When using DB engines, you will come across parameterized queries really quick. Regardless of the language you are using, they’ll look similar to this:
cursor = connection.cursor(prepared=True)
# Parameterized query
sql_insert_query = """ INSERT INTO Employee
(id, Name, Joining_date, salary) VALUES (%s,%s,%s,%s)"""
user_input = ("user_id", "Torben", "2022-10-23", 1337)
cursor.execute(sql_insert_query, user_input)
connection.commit()
With usage of parameterized queries, no more sanitation will be needed as the input is sanitazed and escaped by the DB engine.
ORM
ORM (object-relational mapping) is an even easier and more readable way of handling DB queries, especially when handling user input.
In pseudo-code, it looks like the following:
query_result = db_connection.query(options=options).select(User).filter(filter=filter).groupby(grouping)
Where your DB engine will choose the query to build from the User
class you have defined and also the filter
and grouping
that can safely be entered by users.
Conclusion
Handling user data is not easy, not at all. While you have limited time to finish your project or API, users normally do not have those limitations and/or can use automated scripts to test for XSS/SQLi vulnerabilities.

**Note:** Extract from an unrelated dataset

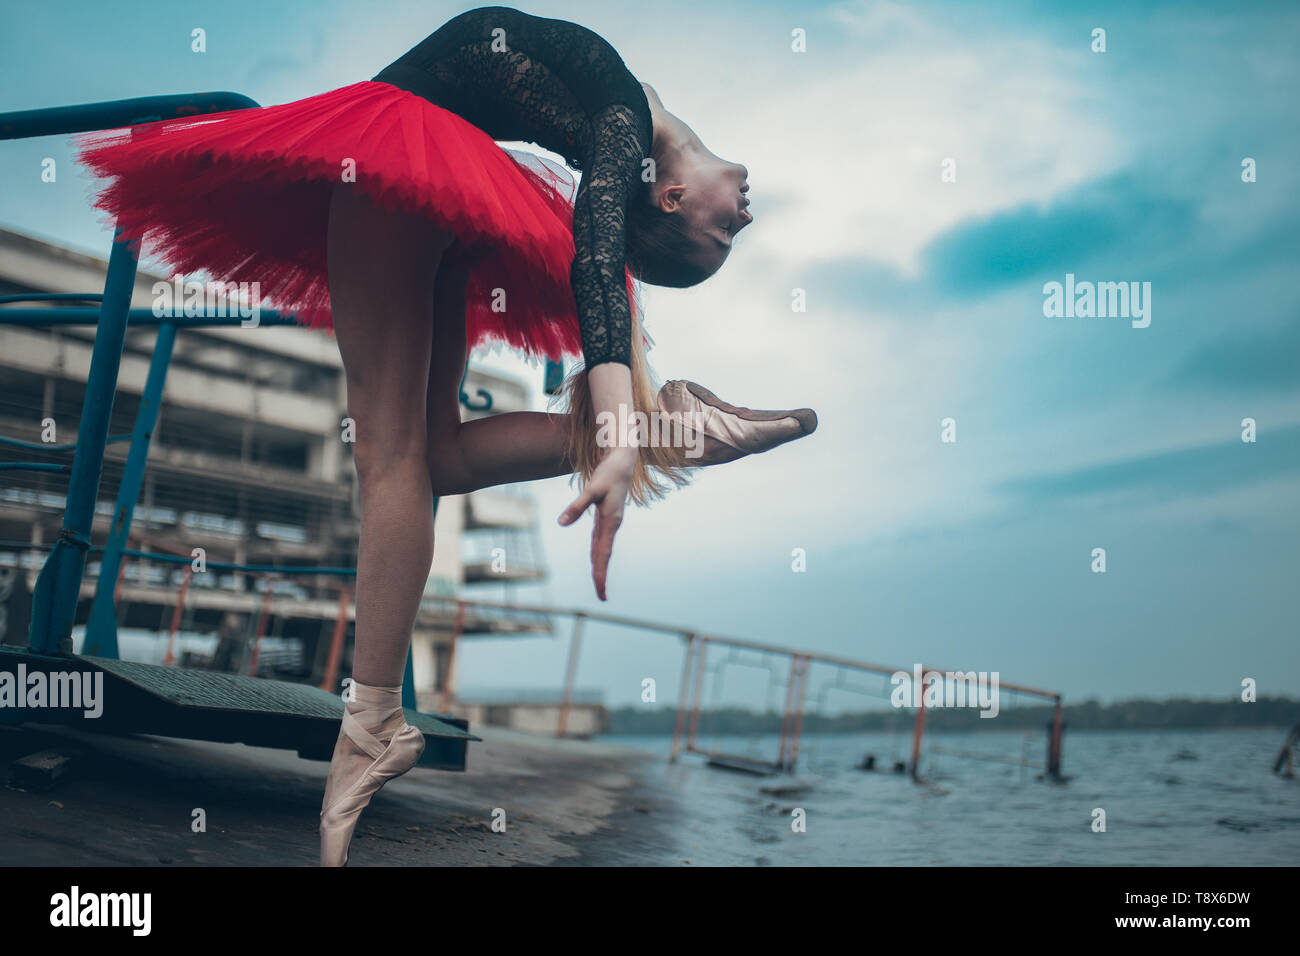 Ballerine danse sur la côte du fleuve dans un tutu rouge et noir contre fond de bâtiment. Banque D'Images

Although you can make those attack scenarios more time consuming (e.g. though rate limiting), they will eventually break through.
This is why you should definitely handle user input in the safest ways possible, if you have the resources for it, even combine several techniques to enhance security.
Above, you saw several possible ways of handling user inputs and how to safely use database connections and presenting user data.
Although the time for your project might be limited and you definitely have limited resources compared to hackers, take your time, go and see which possibilities you have to secure your application. Doing nothing is the worst you can do.